- [Requirement]
The records should be written out in full, with nothing altered.

- [Supplied material]
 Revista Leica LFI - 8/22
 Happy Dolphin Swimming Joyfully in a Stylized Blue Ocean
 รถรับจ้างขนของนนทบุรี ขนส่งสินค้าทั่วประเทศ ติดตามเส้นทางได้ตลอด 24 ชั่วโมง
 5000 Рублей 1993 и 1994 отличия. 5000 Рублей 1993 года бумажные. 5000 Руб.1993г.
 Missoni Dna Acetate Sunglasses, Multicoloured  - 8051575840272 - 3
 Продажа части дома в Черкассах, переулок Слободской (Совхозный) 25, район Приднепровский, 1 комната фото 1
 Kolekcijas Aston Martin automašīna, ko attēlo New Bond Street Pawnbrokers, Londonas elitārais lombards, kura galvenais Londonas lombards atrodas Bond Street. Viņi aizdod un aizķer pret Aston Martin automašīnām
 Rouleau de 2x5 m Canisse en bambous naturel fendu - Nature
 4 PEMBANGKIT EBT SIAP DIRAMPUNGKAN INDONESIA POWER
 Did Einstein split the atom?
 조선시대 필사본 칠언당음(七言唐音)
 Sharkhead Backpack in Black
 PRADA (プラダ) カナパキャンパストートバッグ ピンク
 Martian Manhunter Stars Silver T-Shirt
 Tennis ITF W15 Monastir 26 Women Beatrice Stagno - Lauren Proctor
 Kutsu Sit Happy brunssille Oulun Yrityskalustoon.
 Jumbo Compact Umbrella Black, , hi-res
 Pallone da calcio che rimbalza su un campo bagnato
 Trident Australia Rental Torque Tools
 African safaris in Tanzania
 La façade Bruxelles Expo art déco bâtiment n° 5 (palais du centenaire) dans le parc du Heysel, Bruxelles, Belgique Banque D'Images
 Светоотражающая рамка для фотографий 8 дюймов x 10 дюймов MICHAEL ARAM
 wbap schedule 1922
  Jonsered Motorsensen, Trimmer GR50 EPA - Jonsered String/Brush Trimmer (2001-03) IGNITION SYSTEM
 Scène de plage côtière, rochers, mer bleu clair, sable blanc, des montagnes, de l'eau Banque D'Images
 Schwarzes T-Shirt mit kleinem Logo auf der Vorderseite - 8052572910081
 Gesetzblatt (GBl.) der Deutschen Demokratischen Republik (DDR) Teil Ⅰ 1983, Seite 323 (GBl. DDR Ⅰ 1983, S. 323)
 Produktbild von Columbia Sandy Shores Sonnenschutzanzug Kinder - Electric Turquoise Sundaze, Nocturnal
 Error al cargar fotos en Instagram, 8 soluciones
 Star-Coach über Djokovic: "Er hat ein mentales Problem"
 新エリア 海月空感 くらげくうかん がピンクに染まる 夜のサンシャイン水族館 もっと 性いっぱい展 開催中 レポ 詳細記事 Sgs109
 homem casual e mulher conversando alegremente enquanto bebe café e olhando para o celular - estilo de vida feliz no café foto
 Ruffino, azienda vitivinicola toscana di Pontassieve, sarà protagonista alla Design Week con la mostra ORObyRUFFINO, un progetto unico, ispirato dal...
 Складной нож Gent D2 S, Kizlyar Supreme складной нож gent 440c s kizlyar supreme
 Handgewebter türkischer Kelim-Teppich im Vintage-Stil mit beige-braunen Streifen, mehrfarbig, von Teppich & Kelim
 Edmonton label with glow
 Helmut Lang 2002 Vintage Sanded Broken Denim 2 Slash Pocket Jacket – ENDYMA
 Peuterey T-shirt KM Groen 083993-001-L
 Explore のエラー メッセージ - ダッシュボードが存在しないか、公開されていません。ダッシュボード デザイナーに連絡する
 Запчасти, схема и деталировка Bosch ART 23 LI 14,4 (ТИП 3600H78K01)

- [Result for this exercise]
 Revista Leica LFI - 8/22
 Happy Dolphin Swimming Joyfully in a Stylized Blue Ocean
 รถรับจ้างขนของนนทบุรี ขนส่งสินค้าทั่วประเทศ ติดตามเส้นทางได้ตลอด 24 ชั่วโมง
 5000 Рублей 1993 и 1994 отличия. 5000 Рублей 1993 года бумажные. 5000 Руб.1993г.
 Missoni Dna Acetate Sunglasses, Multicoloured  - 8051575840272 - 3
 Продажа части дома в Черкассах, переулок Слободской (Совхозный) 25, район Приднепровский, 1 комната фото 1
 Kolekcijas Aston Martin automašīna, ko attēlo New Bond Street Pawnbrokers, Londonas elitārais lombards, kura galvenais Londonas lombards atrodas Bond Street. Viņi aizdod un aizķer pret Aston Martin automašīnām
 Rouleau de 2x5 m Canisse en bambous naturel fendu - Nature
 4 PEMBANGKIT EBT SIAP DIRAMPUNGKAN INDONESIA POWER
 Did Einstein split the atom?
 조선시대 필사본 칠언당음(七言唐音)
 Sharkhead Backpack in Black
 PRADA (プラダ) カナパキャンパストートバッグ ピンク
 Martian Manhunter Stars Silver T-Shirt
 Tennis ITF W15 Monastir 26 Women Beatrice Stagno - Lauren Proctor
 Kutsu Sit Happy brunssille Oulun Yrityskalustoon.
 Jumbo Compact Umbrella Black, , hi-res
 Pallone da calcio che rimbalza su un campo bagnato
 Trident Australia Rental Torque Tools
 African safaris in Tanzania
 La façade Bruxelles Expo art déco bâtiment n° 5 (palais du centenaire) dans le parc du Heysel, Bruxelles, Belgique Banque D'Images
 Светоотражающая рамка для фотографий 8 дюймов x 10 дюймов MICHAEL ARAM
 wbap schedule 1922
  Jonsered Motorsensen, Trimmer GR50 EPA - Jonsered String/Brush Trimmer (2001-03) IGNITION SYSTEM
 Scène de plage côtière, rochers, mer bleu clair, sable blanc, des montagnes, de l'eau Banque D'Images
 Schwarzes T-Shirt mit kleinem Logo auf der Vorderseite - 8052572910081
 Gesetzblatt (GBl.) der Deutschen Demokratischen Republik (DDR) Teil Ⅰ 1983, Seite 323 (GBl. DDR Ⅰ 1983, S. 323)
 Produktbild von Columbia Sandy Shores Sonnenschutzanzug Kinder - Electric Turquoise Sundaze, Nocturnal
 Error al cargar fotos en Instagram, 8 soluciones
 Star-Coach über Djokovic: "Er hat ein mentales Problem"
 新エリア 海月空感 くらげくうかん がピンクに染まる 夜のサンシャイン水族館 もっと 性いっぱい展 開催中 レポ 詳細記事 Sgs109
 homem casual e mulher conversando alegremente enquanto bebe café e olhando para o celular - estilo de vida feliz no café foto
 Ruffino, azienda vitivinicola toscana di Pontassieve, sarà protagonista alla Design Week con la mostra ORObyRUFFINO, un progetto unico, ispirato dal...
 Складной нож Gent D2 S, Kizlyar Supreme складной нож gent 440c s kizlyar supreme
 Handgewebter türkischer Kelim-Teppich im Vintage-Stil mit beige-braunen Streifen, mehrfarbig, von Teppich & Kelim
 Edmonton label with glow
 Helmut Lang 2002 Vintage Sanded Broken Denim 2 Slash Pocket Jacket – ENDYMA
 Peuterey T-shirt KM Groen 083993-001-L
 Explore のエラー メッセージ - ダッシュボードが存在しないか、公開されていません。ダッシュボード デザイナーに連絡する
 Запчасти, схема и деталировка Bosch ART 23 LI 14,4 (ТИП 3600H78K01)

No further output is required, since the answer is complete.